#### SOURCE MATERIAL
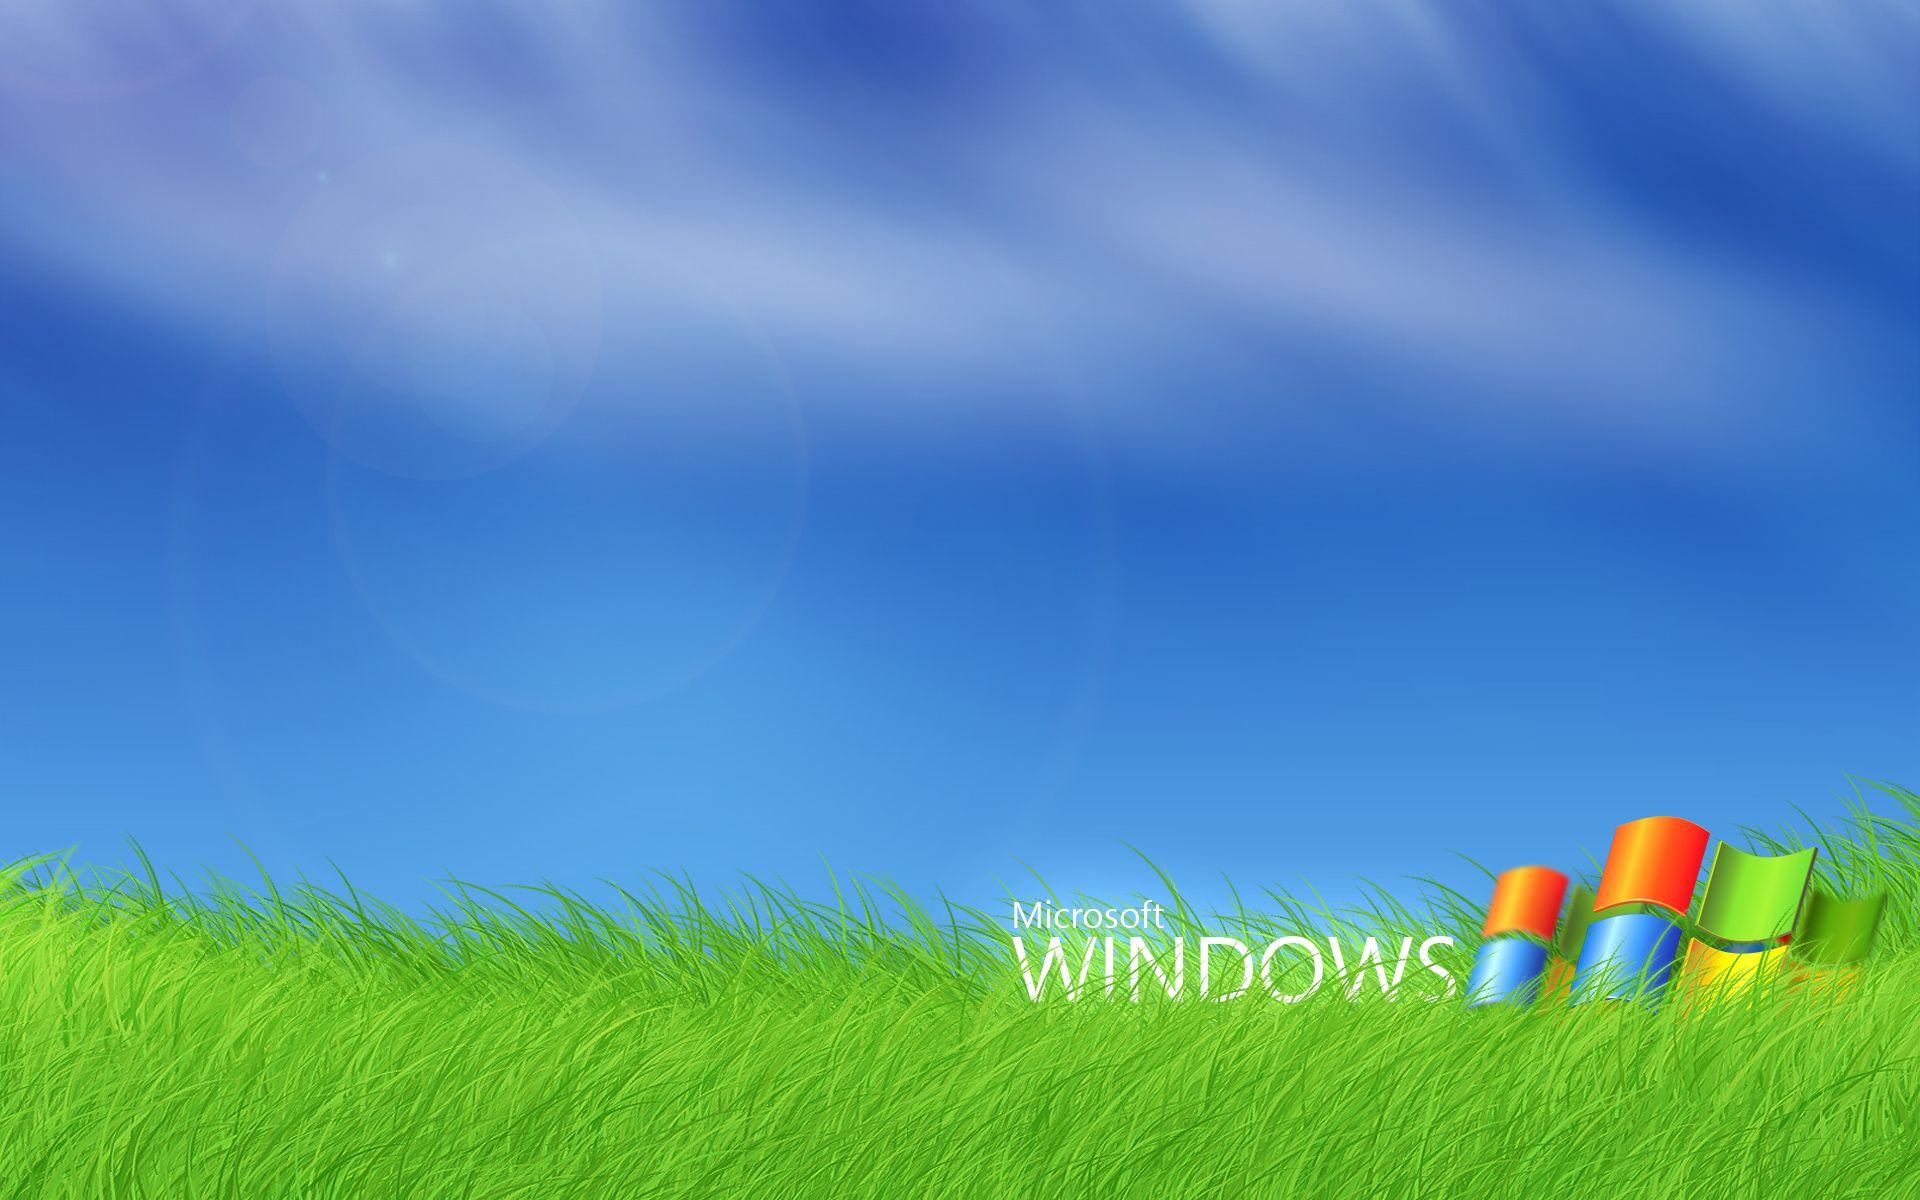 Windows Computer Wallpapers - Top Free ...
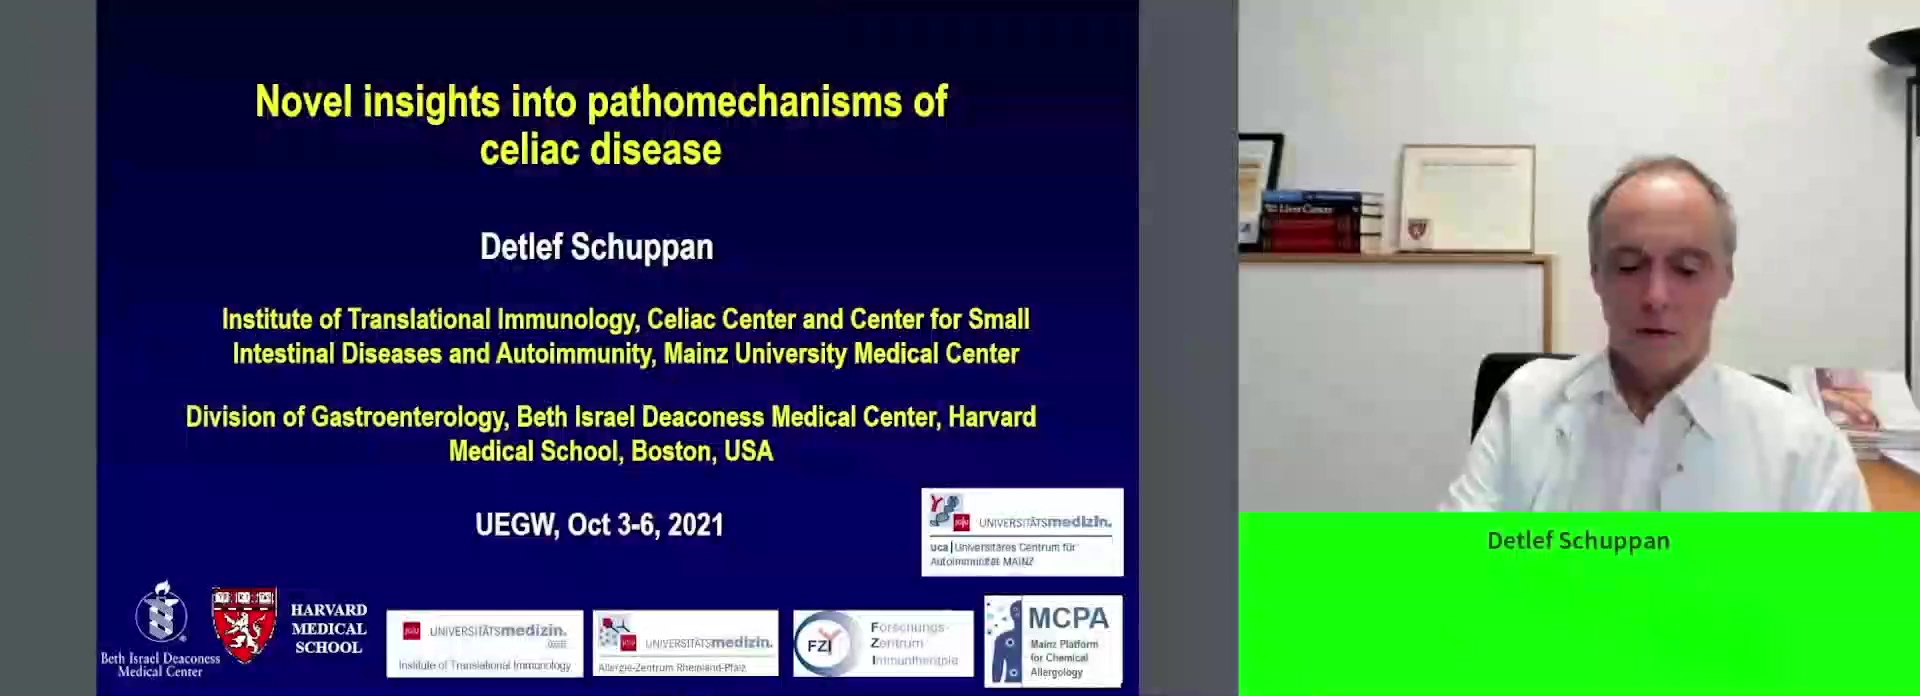 Novel insights into pathomechanisms of coealiac disease
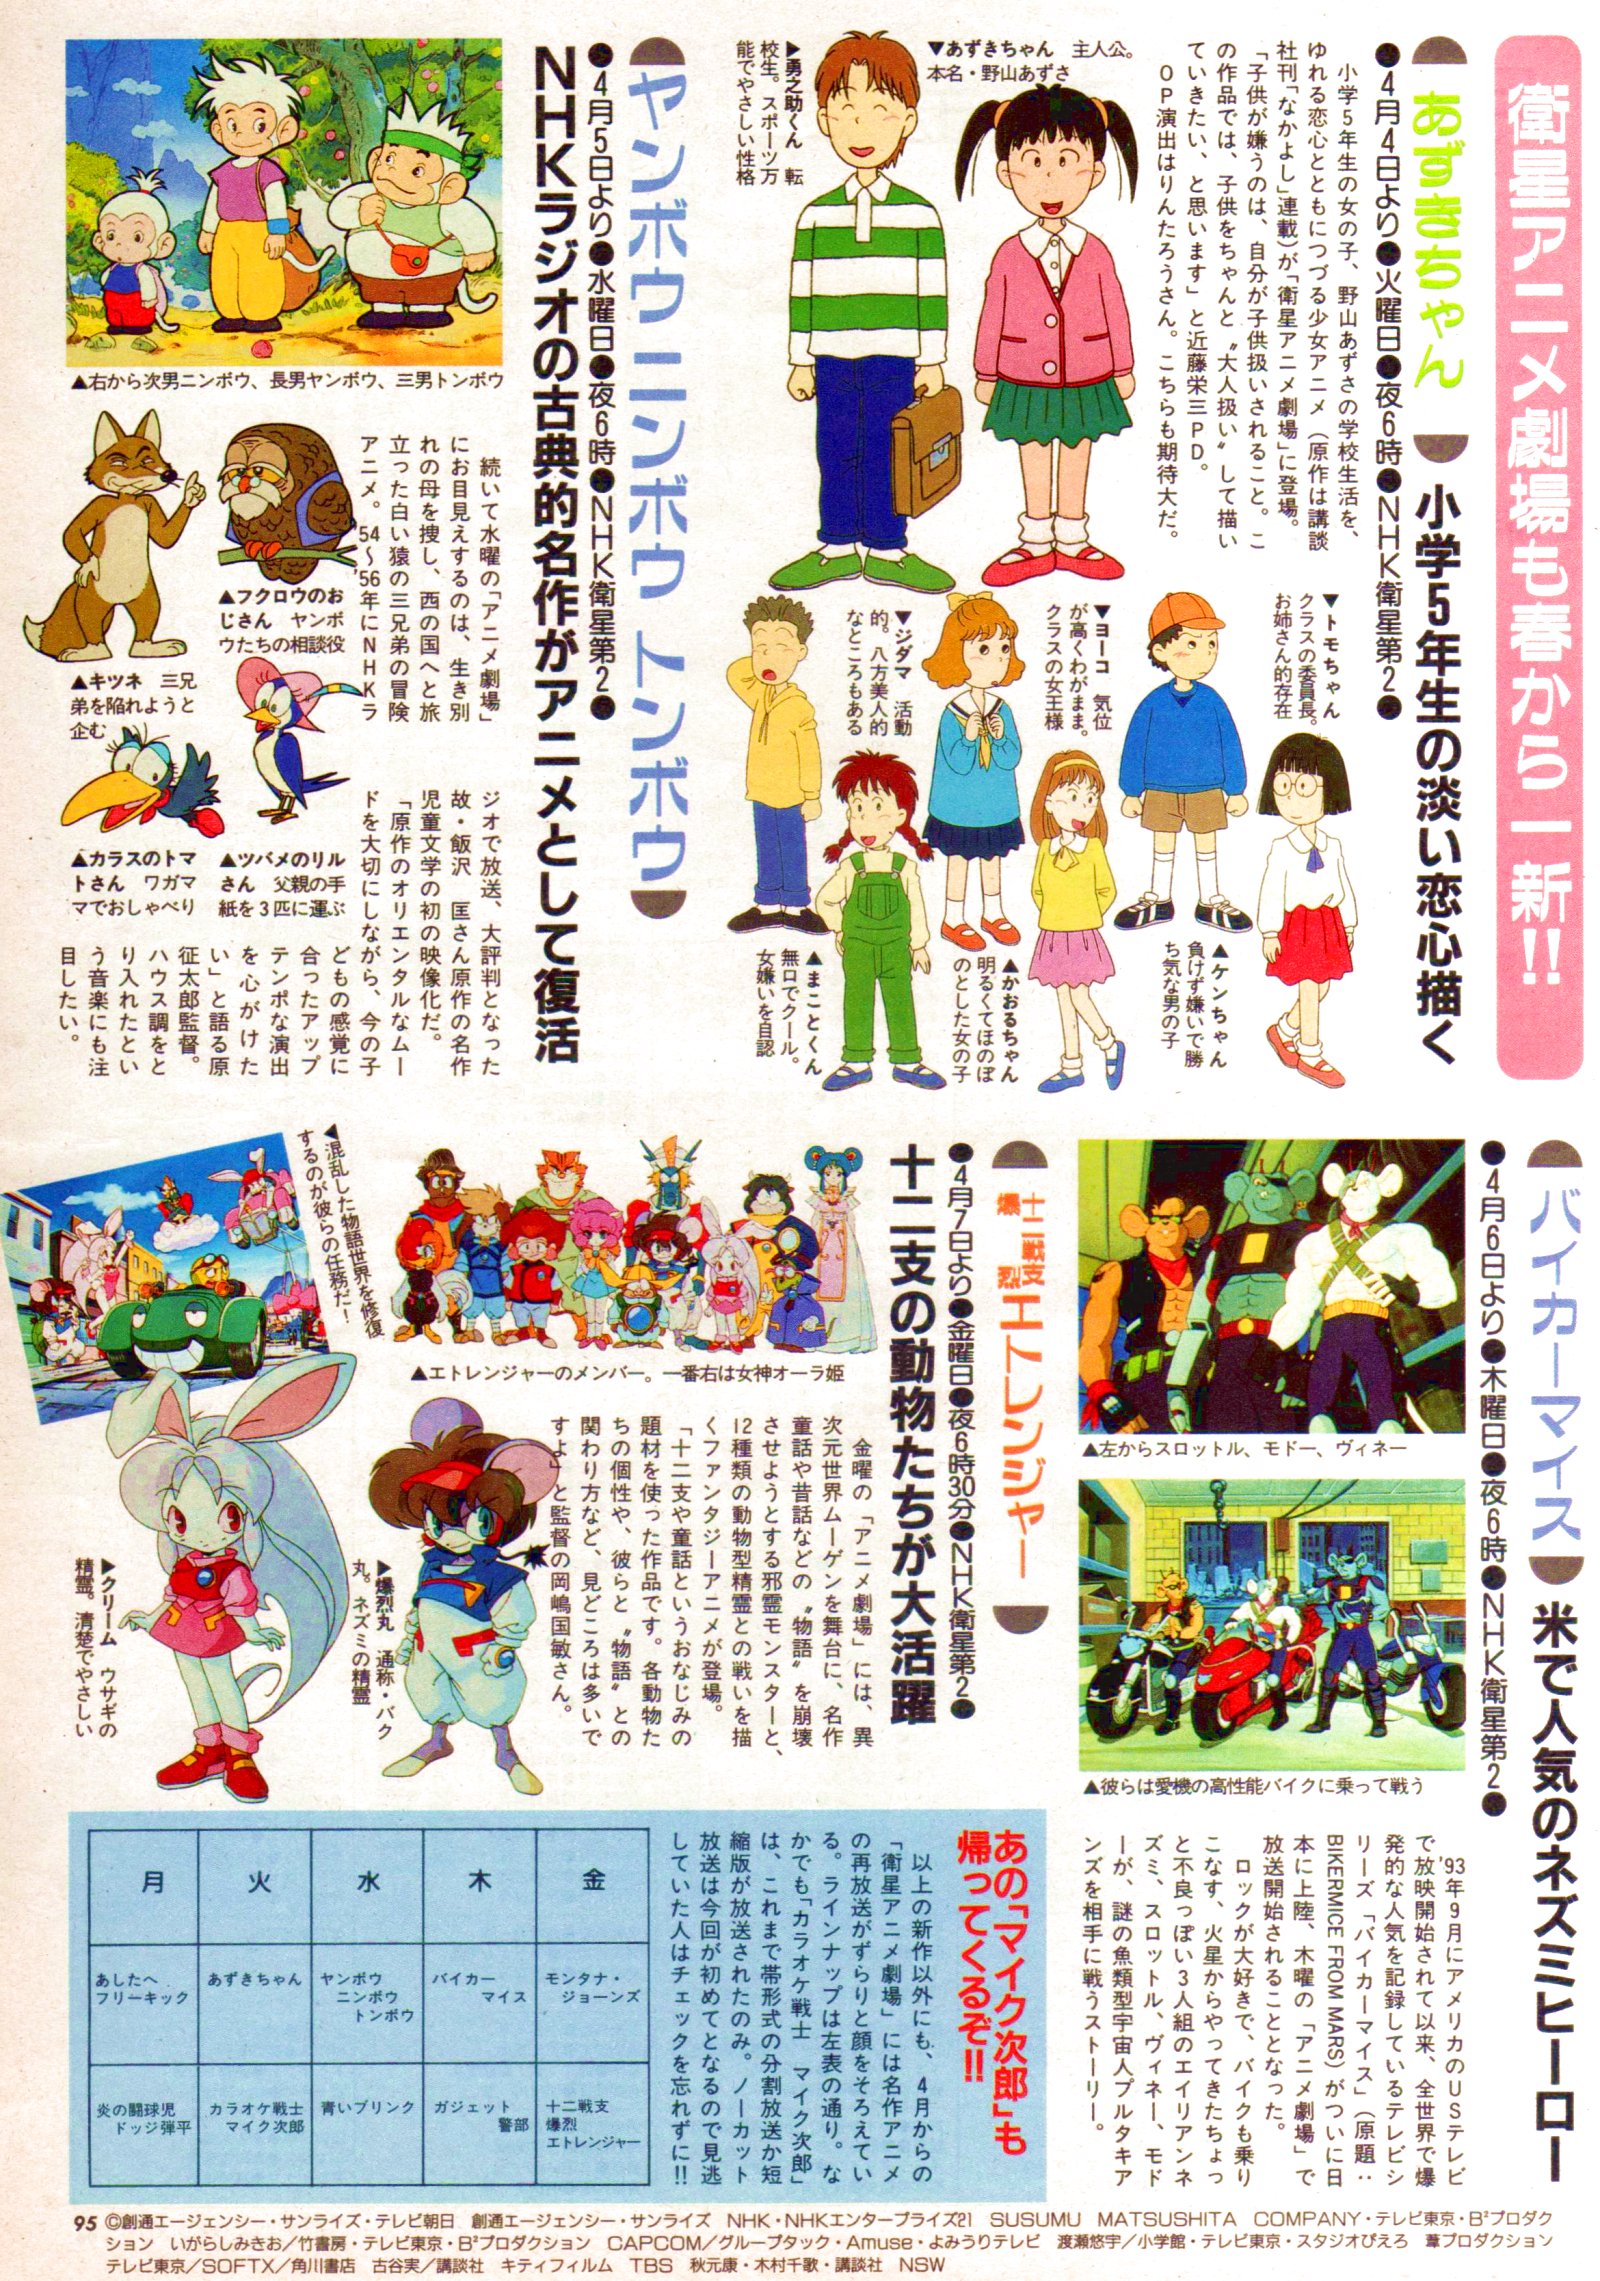 Animarchive Spring 1995 Anime Animage 04 1995 T Co Nakkkqyj2g T Co Uthr1pqk13 T Co Sp9mz59qdf Twitter
########
**EXERCISE INSTRUCTIONS:**
With the pictures removed, copy the data above word for word.

**ANSWER TO THE EXERCISE:**
 Windows Computer Wallpapers - Top Free ...
 Novel insights into pathomechanisms of coealiac disease
 Animarchive Spring 1995 Anime Animage 04 1995 T Co Nakkkqyj2g T Co Uthr1pqk13 T Co Sp9mz59qdf Twitter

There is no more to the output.